Спустя много часов, когда солнце уже высоко поднялось над горизонтом, Верпетий возвращался под напутствием Андрия обратно в свою келью. На этот день он был полностью освобождён от всех обязанностей, связанных с работой в библиотеке и по хозяйству. Юноша смертельно устал и мечтал лишь об одном — коротком и быстром сне, когда, забывшись на пару часов, проснувшись — чувствуешь, что проспал несколько дней. Ему необходимо было восстановить телесные силы и укрепиться духовно, ведь с этого момента статус его резко изменился. Теперь у него будут обязанности, совершенно отличные от тех, что он выполнял ранее. И, не скрывая этого, Верпетий был очень доволен. В ходе беседы ему было поведано много такого, за знание чего можно было с лёгкостью угодить на костёр. Поэтому теперь приходилось быть вдвойне осторожным, и укреплять свои дух и тело, а в особенности, научиться контролировать свои эмоции и держать «на привязи» язык, дабы не сорвать всё дело и не предать доверие епископа.

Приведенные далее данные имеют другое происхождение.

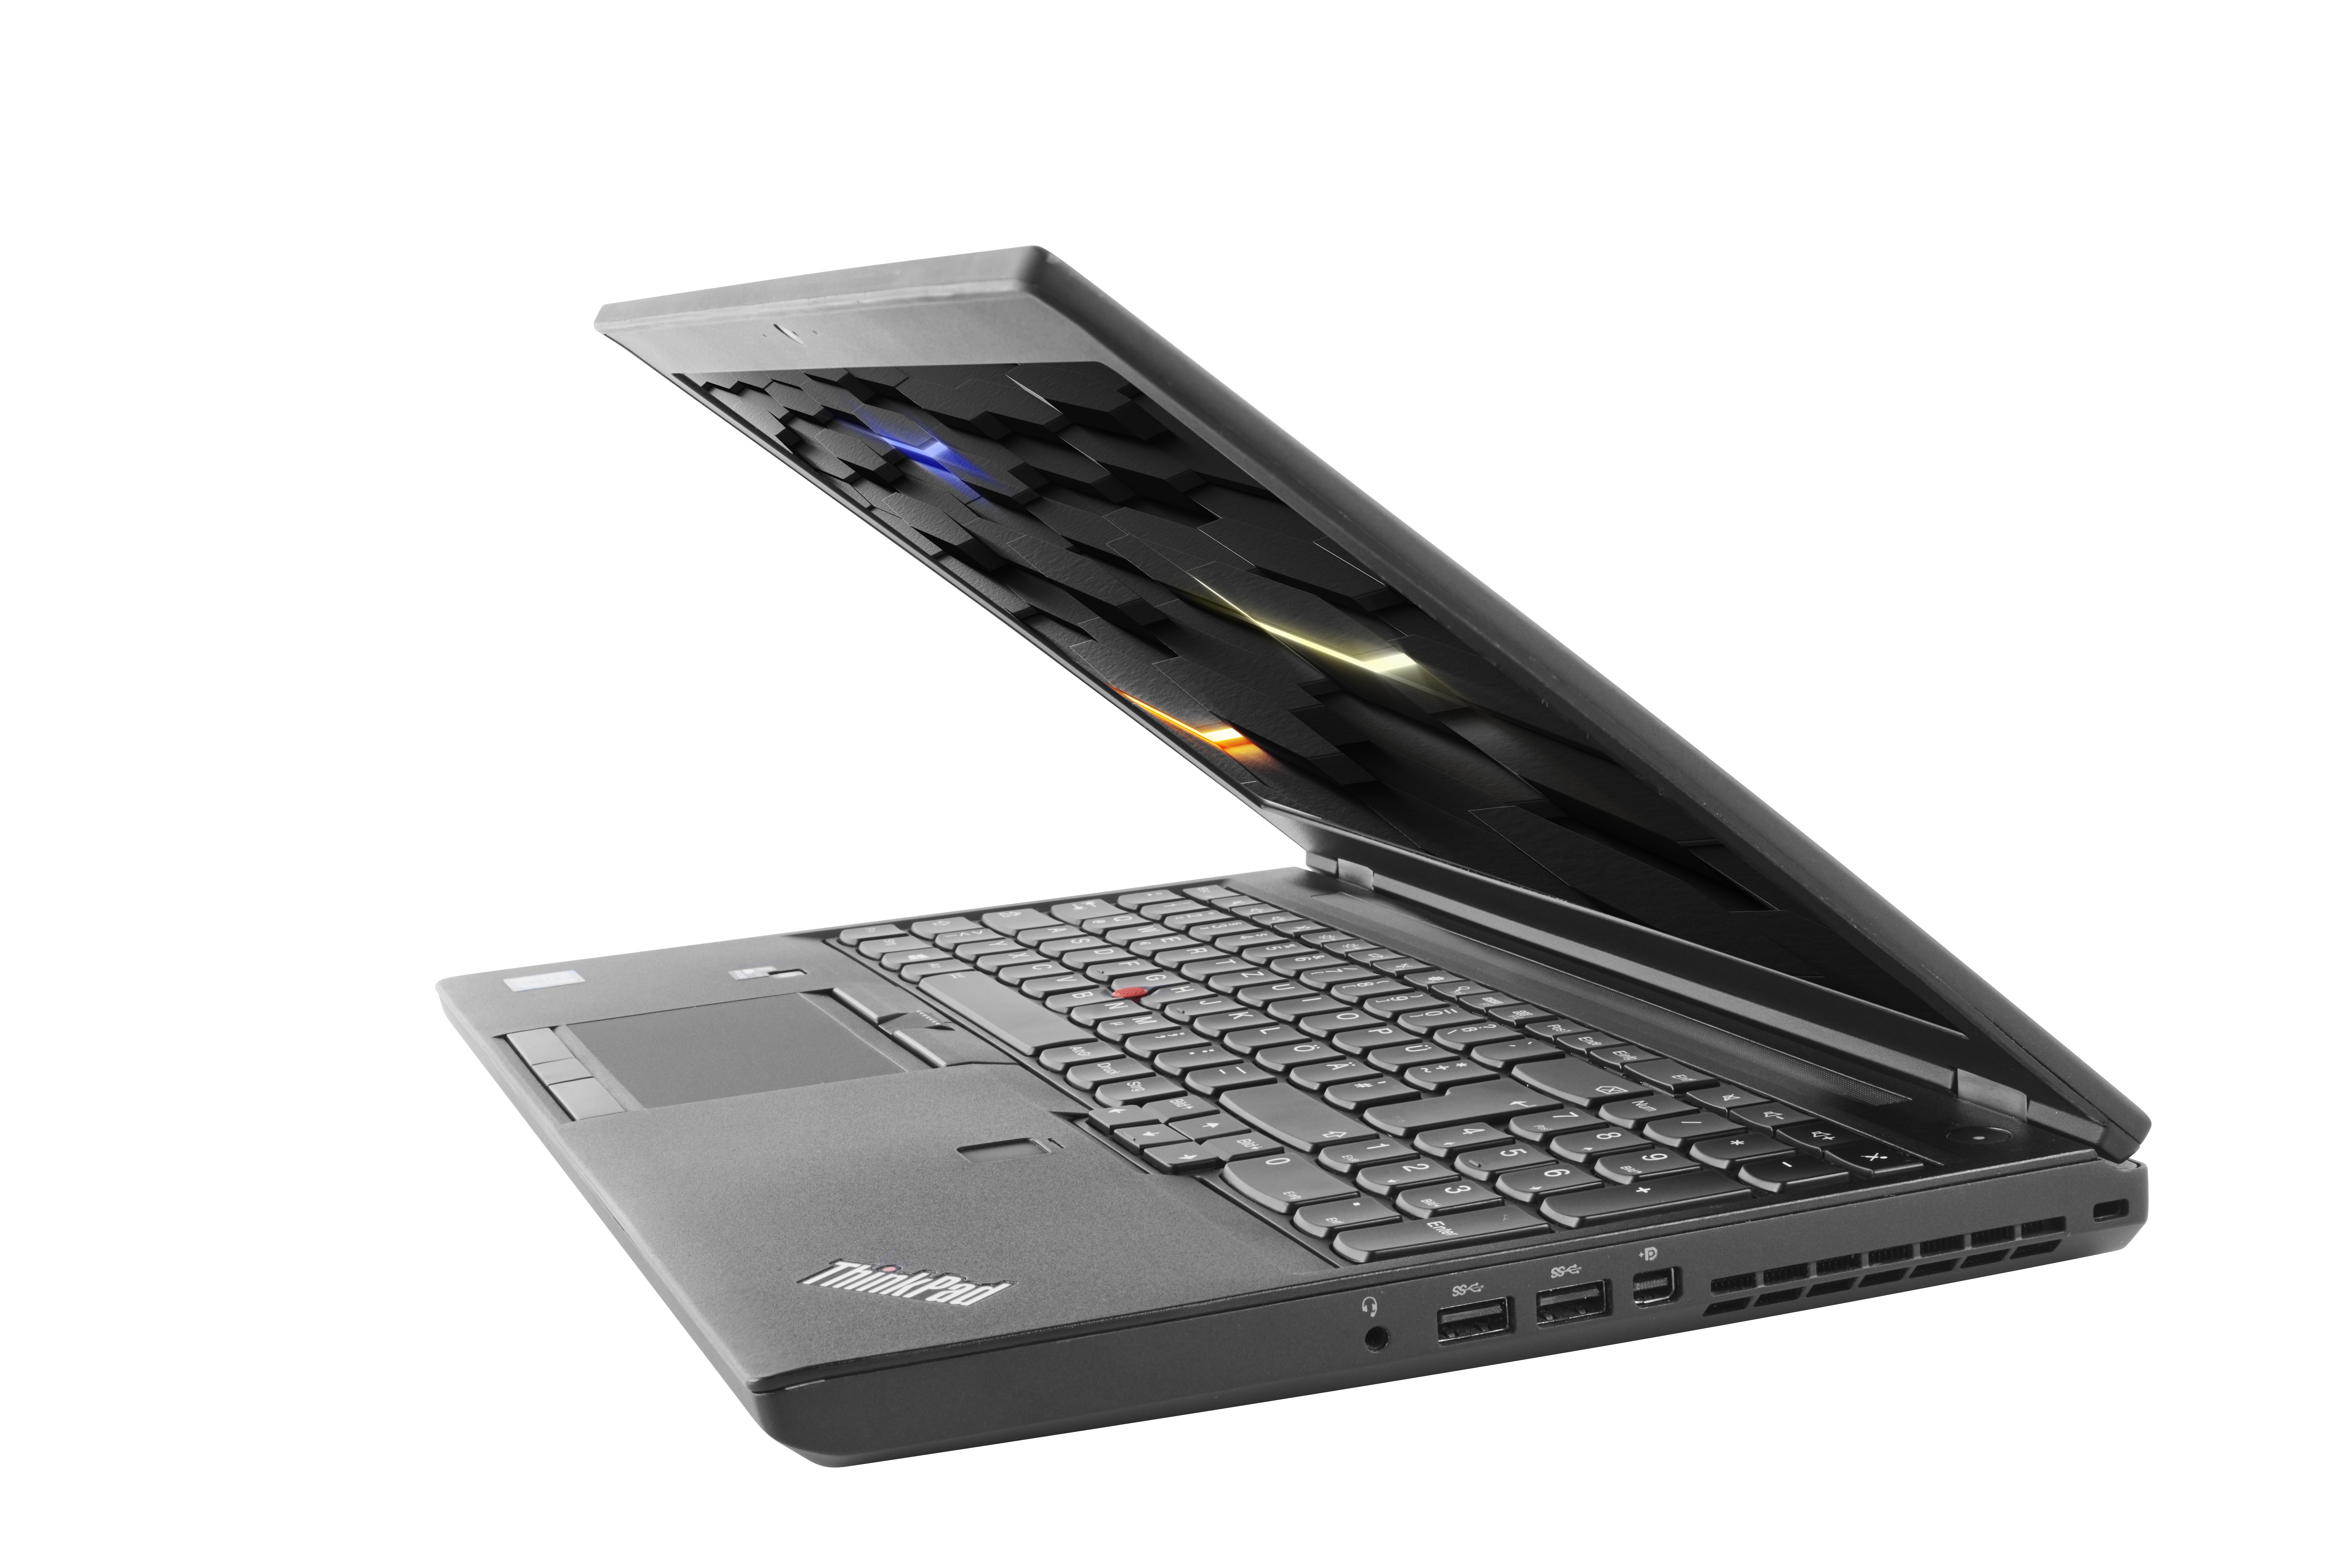 Lenovo ThinkPad P50, i7, 15.6" Full-HD IPS, 32GB, 250GB SSD + 1TB HDD, Webcam, Windows 10 Pro

Однако вместе с тем, юноша узнал и много такого, от чего у него самого волосы вставали дыбом, и чего ему, откровенно говоря, знать не хотелось бы. Но выбора не оставалось, и для Верпетия Аримафейского судьба готовила свою собственную, отличную от судеб других братьев историю. Историю, в которой решительность, немного храбрости и жажда познания вынуждены будут всё время бороться с нечеловеческим ужасом и трусостью простого человека в пределах одной личности. Но самое главное, чего Верпетий наверняка не знал, польстившись высокой степенью доверия епископа, так это того, что ему действительно, быть может ценой своей жизни, придётся доказывать Корнетти, что он достоин быть тем, кем стал. А стал он теперь, ни много ни мало — личным помощником и учеником главного инквизитора провинции — отца Диего Хорхе Мануэля по делу ведьмы Альберты де Велморан. Правда, сам Мануэль о таком «подарке» епископа Корнетти ещё не знал, ибо находился в глубоком беспамятстве.